諸外国の人たちがどんな組織・制度に信頼を寄せているかをグラフ化してみる(上)……日本編

2009/11/06 17:00

信頼イメージ先に【世界各国の「新聞・雑誌」や「テレビ」への信頼度をグラフ化してみる】で『世界主要国価値観データブック』のデータを元にした、「主要国における新聞・雑誌やテレビ(要はマスコミ)に対する信頼度」についてグラフ化したところ、いくつかの意見をいただいた。その中でもっとも多かったのは、「数字が低い各国の人たちは、何を信じているのだろう」というものだ。そこで今回は、マスコミに対する信頼度が低い諸外国などにスポットライトをあてて、どのような組織・制度に信頼をおいているかを見てみることにした。

スポンサードリンク


今調査結果は世界数十か国(80か国以上)が参加して実施している国際プロジェクト「世界価値観調査」によるもの。各国・地域毎に全国の18歳以上男女1000サンプル程度(実際には1000-2000人程度)の回収を基本とした個人対象の意識調査。調査そのものは2005-2006年にかけて行われており、該当冊子は先行して集計が終わった25か国分のデータが収録されている。

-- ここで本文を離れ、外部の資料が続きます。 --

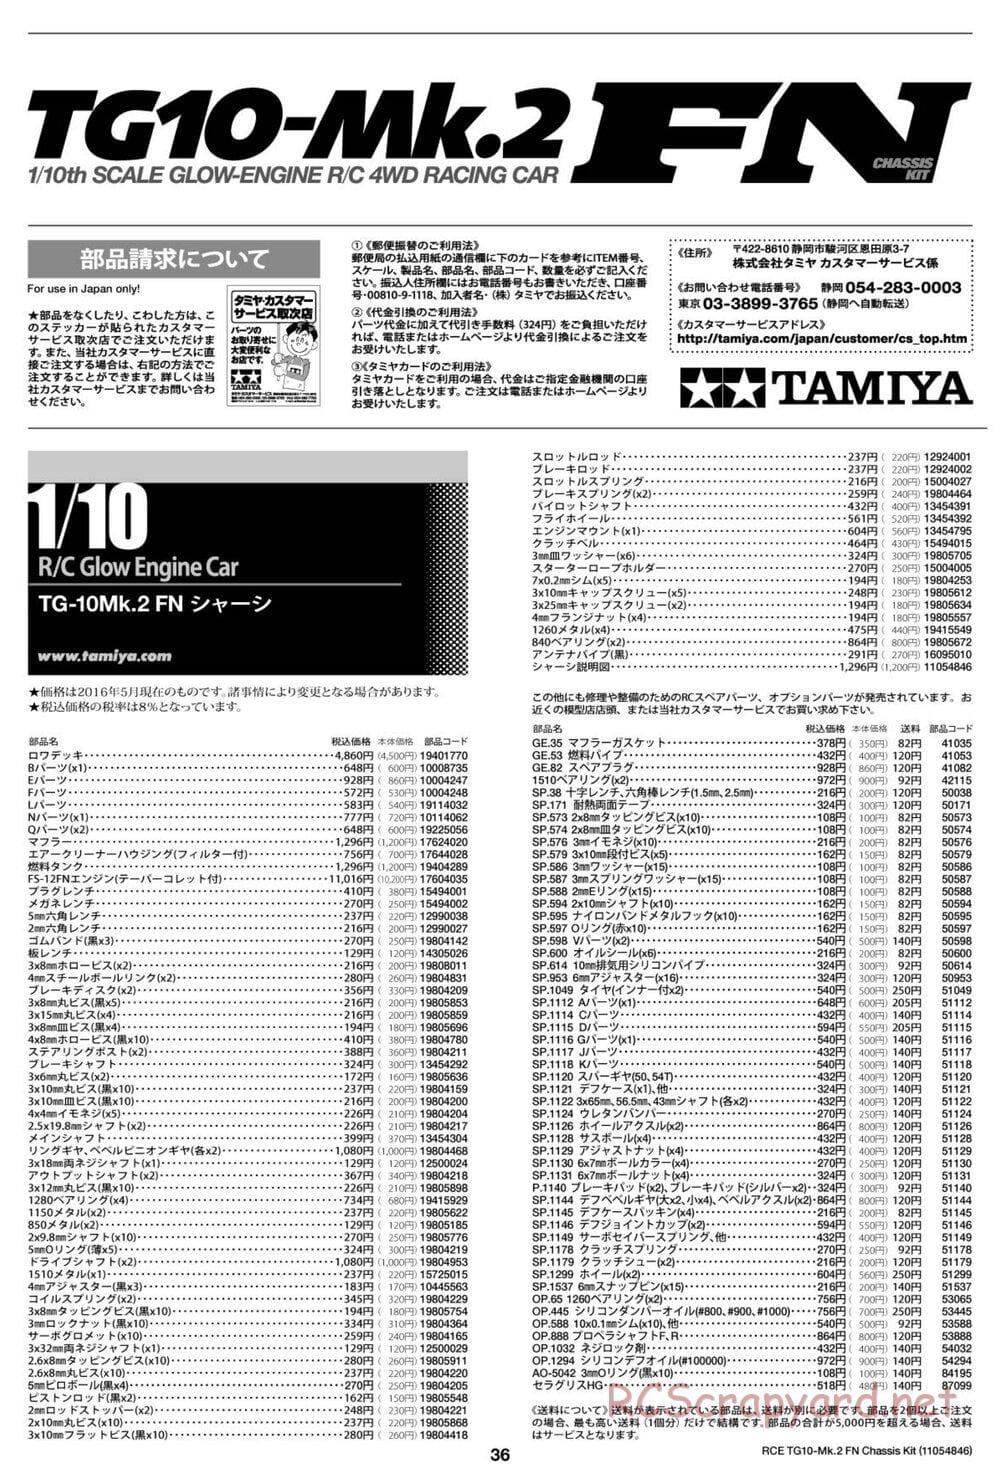 Tamiya - TG10 Mk.2 FN Chassis - Manual - Page 36

今回グラフ化するのは、資料編に掲載されている「組織・制度への信頼」において、日本と諸外国……25か国すべてを対象とするのは骨が折れるので、先の記事で対マスコミ信頼度が特に低かったオーストラリア・アメリカ・イギリス・イタリア、そして日本に類似する傾向を見せていた国のうち(特殊事情も推し量れるという点から)中国……を対象とした値。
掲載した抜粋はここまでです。